━━ AVAILABLE DATA ━━

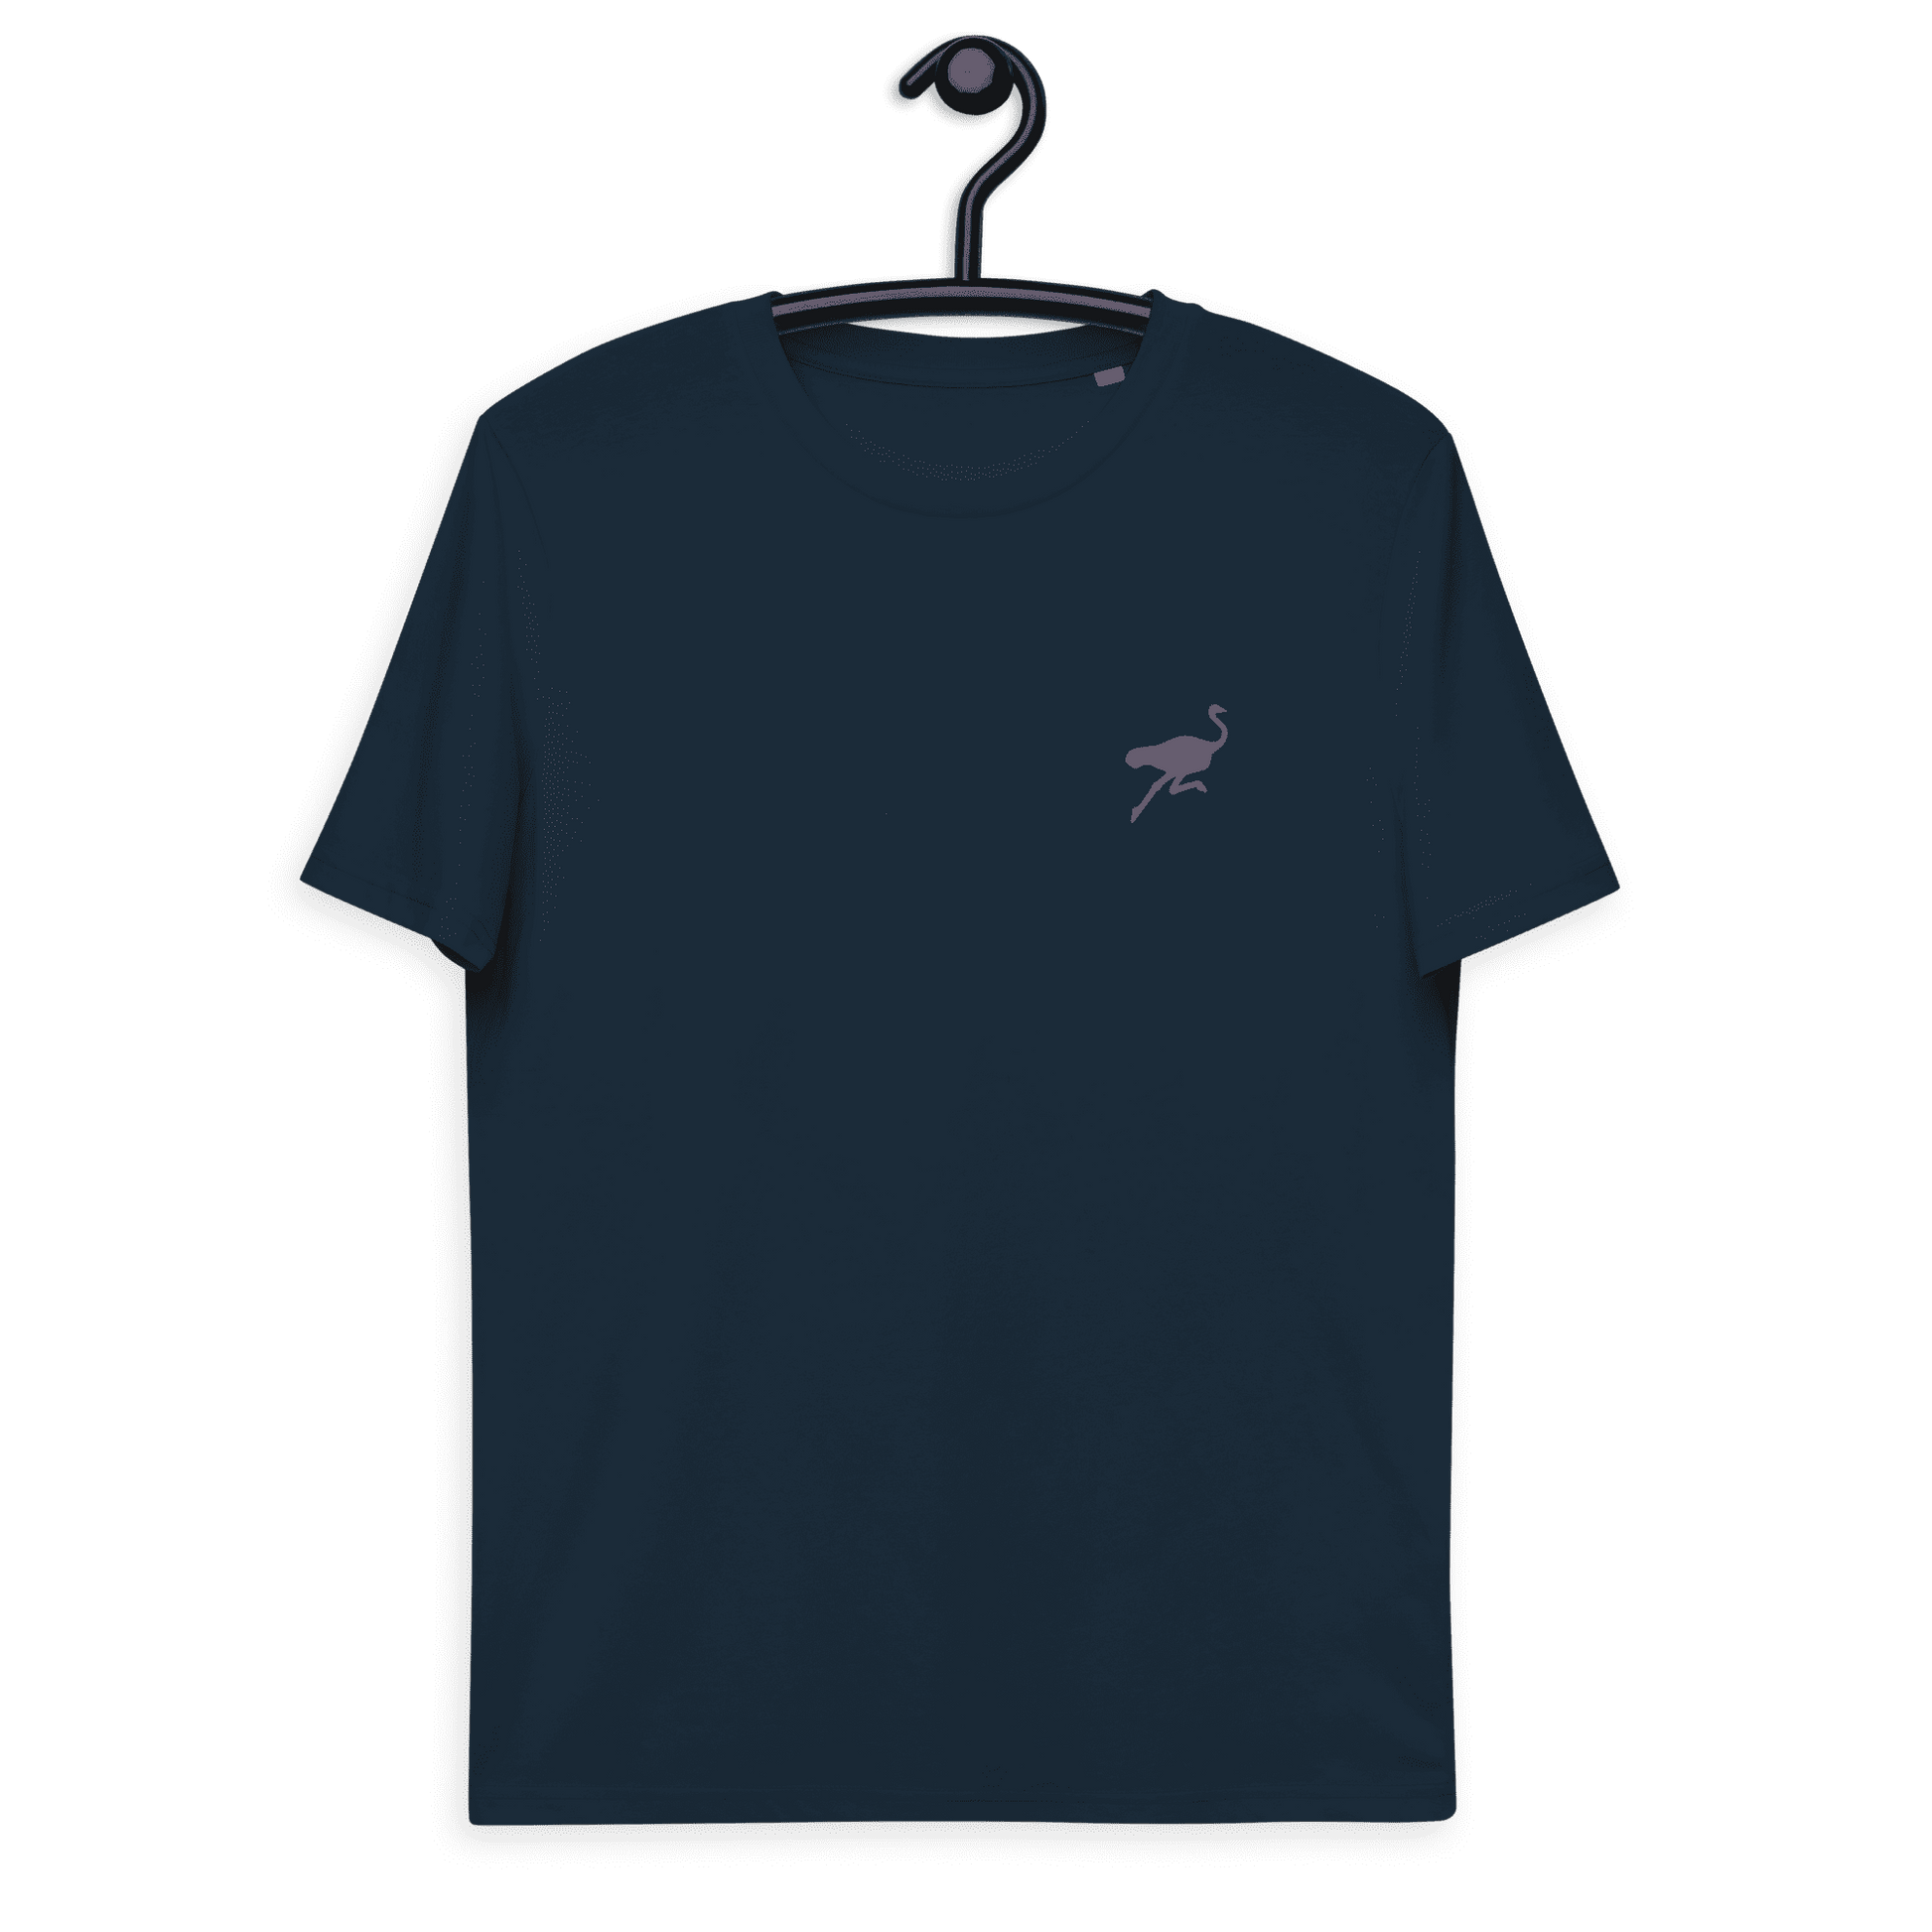 Front view of a navy colored nostr shirt.
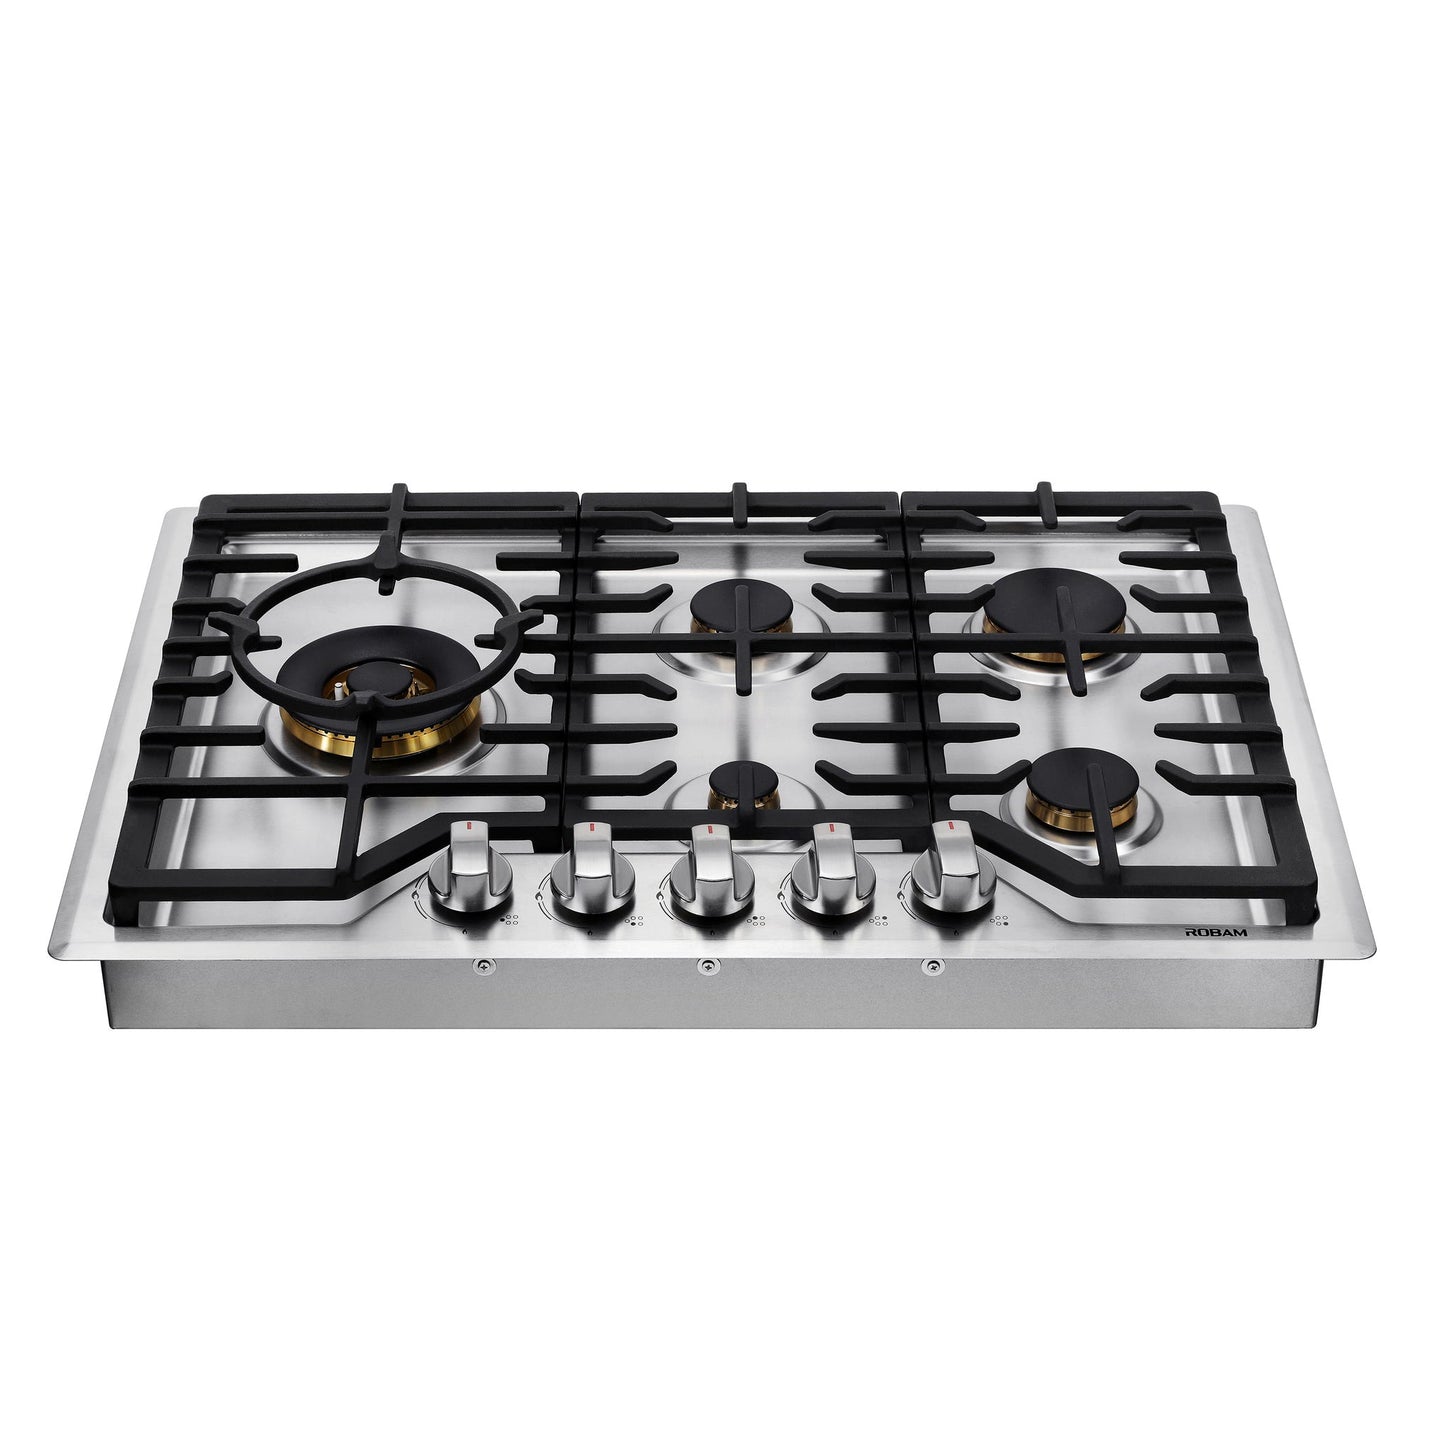 Robam G-Series 30" Drop-In Stainless Steel 5 Burner Gas Cooktop Stove
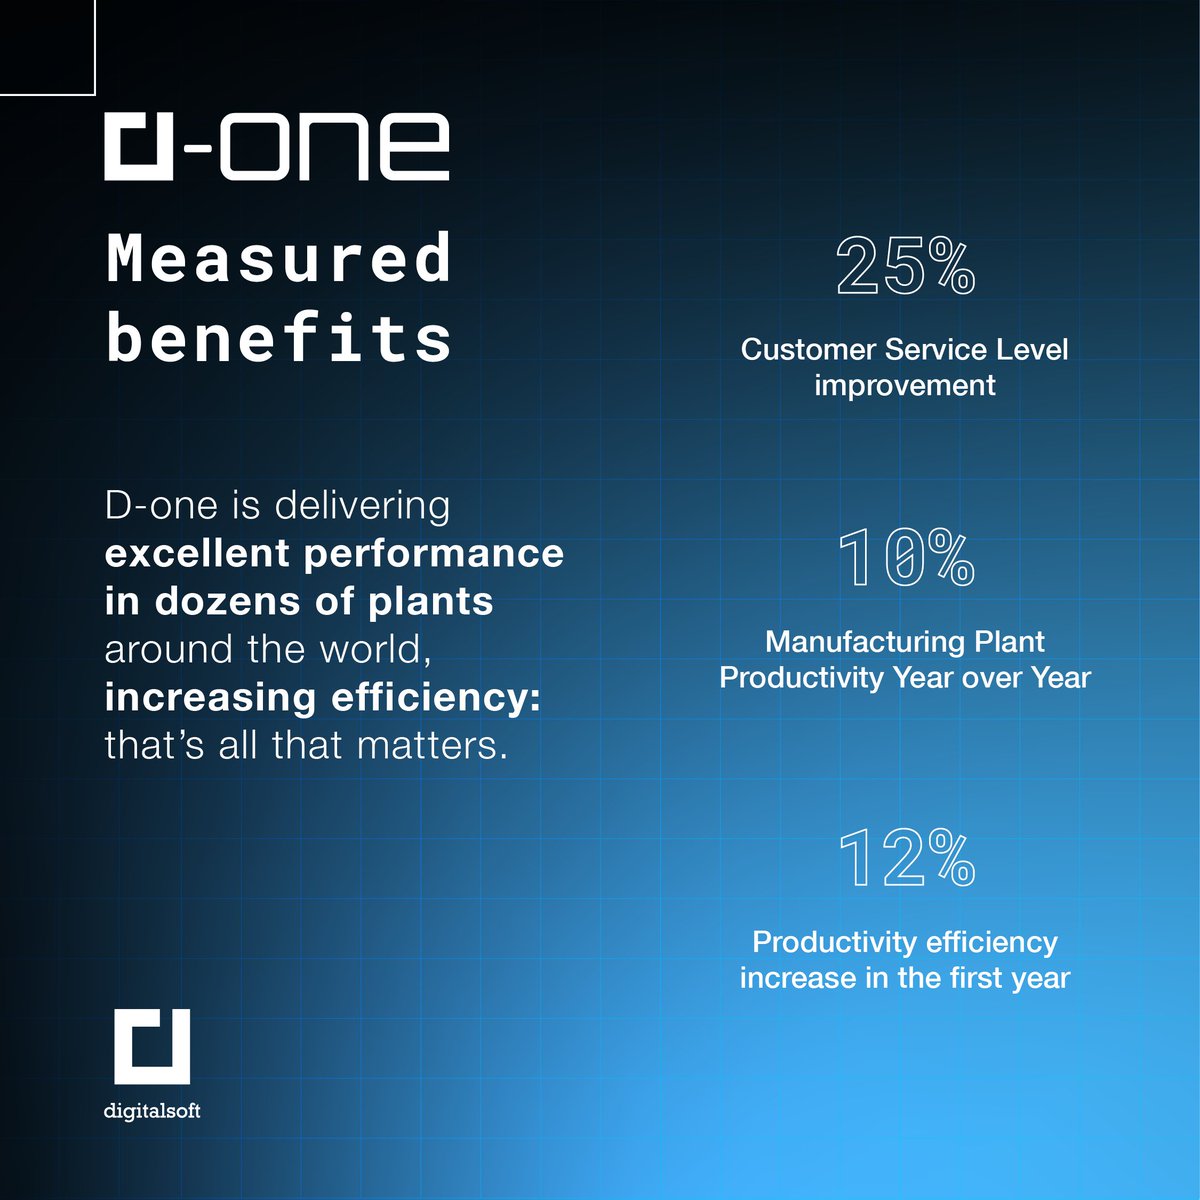 Industrial automation aims to achieve unparalleled efficiency, representing its core objective, and agility in manufacturing is key within the digitization efforts of a plant. d-one boosts productivity and yields clear, quantifiable advantages.

━━━

EXERCISE DESCRIPTION. Your job is to repeat the data exactly, leaving each picture out.

RESULT OF THIS TASK.
 Front view of a navy colored nostr shirt.
 Robam G-Series 30" Drop-In Stainless Steel 5 Burner Gas Cooktop Stove
 Industrial automation aims to achieve unparalleled efficiency, representing its core objective, and agility in manufacturing is key within the digitization efforts of a plant. d-one boosts productivity and yields clear, quantifiable advantages.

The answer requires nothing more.